ESCOTO ERIUGENA — ANÁLISE DO TRATADO «DA DIVISÃO DA NATUREZA».
Nicola Abbagnano — História da Filosofia
O CONHECIMENTO HUMANO
O homem interior é uma imagem da Trindade divina. Escoto retoma e desenvolve, à sua maneira, este pensamento de Santo Agostinho. As três pessoas divinas relacionam-se entre si como a essência (Ousía) a potência (Dynamis) e o ato (Energeia). Na alma humana, a essência é a inteligência ou nous, que é a parte mais elevada da nossa natureza e pode perceber Deus e as coisas nas suas causas primordiais. A razão ou logos corresponde à virtus ou dynamis e refere-se aos princípios das coisas que vêm imediatamente a seguir a Deus. O sentido interior ou dianoia corresponde ao ato ou energeia e diz respeito aos efeitos, visíveis ou invisíveis, das causas primordiais. Este sentido interior é essencial à razão e ao entendimento, apesar de o sentido interior, que se serve dos cinco órgãos e reside no coração, pertencer mais ao corpo do que à alma e perecer com a dissolução do corpo (II, 23).

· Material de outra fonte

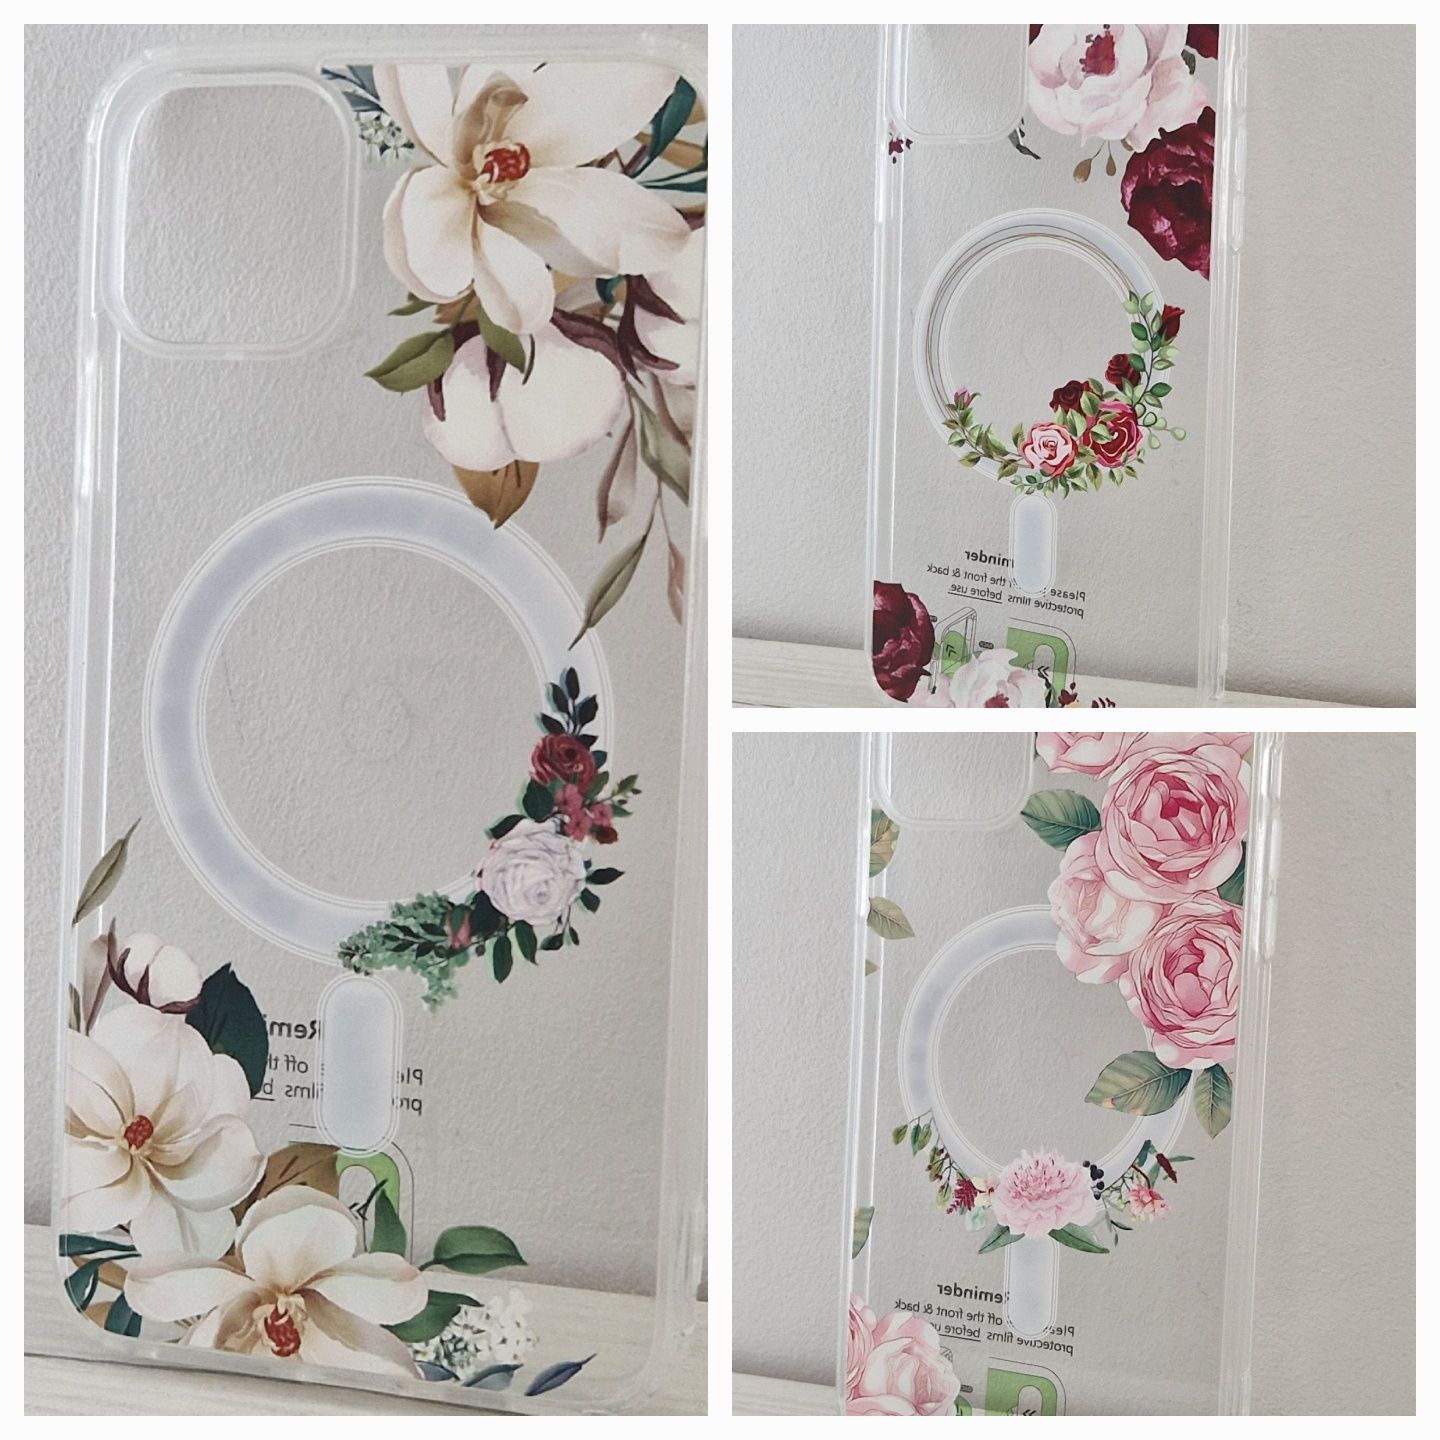 Tel Protect Flower Magsafe do Iphone 12 Pro Max ( trzy wzory)

A estas três partes da alma correspondem três movimentos diversos: segundo a alma, segundo a razão, segundo os sentidos. O primeiro movimento é aquele mediante o qual, a alma se move até ao Deus desconhecido, para além de si própria e de toda a criatura. Através deste primeiro movimento, Deus aparece à alma como transcendente a tudo o que é e como absolutamente indefinível. O segundo movimento é aquele pela qual a alma define o Deus desconhecido como causa de todas as coisas, porque nele estão as causas primordiais. O terceiro movimento é o que diz respeito às razões das coisas singulares. Parte das imagens recolhidas pelos sentidos externos e, a partir dessas imagens, ergue-se até às razões últimas das coisas das quais são imagens. Através deste movimento, a própria imagem sensível transfigura-se. De imagem impressa nos órgãos dos sentidos, transforma-se em imagem que a alma sente em si como própria; é precisamente desta imagem espiritualizada que a alma parte para ascender até às razões eternas das coisas (II, 23).
A correspondência entre a alma e Deus estende-se também àquilo que diz respeito ao conhecimento que a alma tem de si própria. Como Deus é cognoscível através das suas criaturas, mas incompreensível em si próprio, já que nem ele próprio nem outro pode entender que coisa seja, uma vez que não possui um quid, uma essência determinada que se possa entender, assim a alma humana sabe que é, mas de nenhuma maneira pode conhecer aquilo que é. E isto não é um limite ou uma imperfeição da própria mente. Assim como a melhor maneira de aproximarmo-nos de Deus não é a afirmação mas a negação, não é o conhecimento mas a ignorância, porque Deus, não tendo limites, não pode ,ser definido nem restringido a uma essência determinada; também se à alma fosse possível conhecer a sua própria essência, isso significaria a possibilidade de circunscrevê-la e implicaria a sua dissemelhança com o Criador (IV, 7).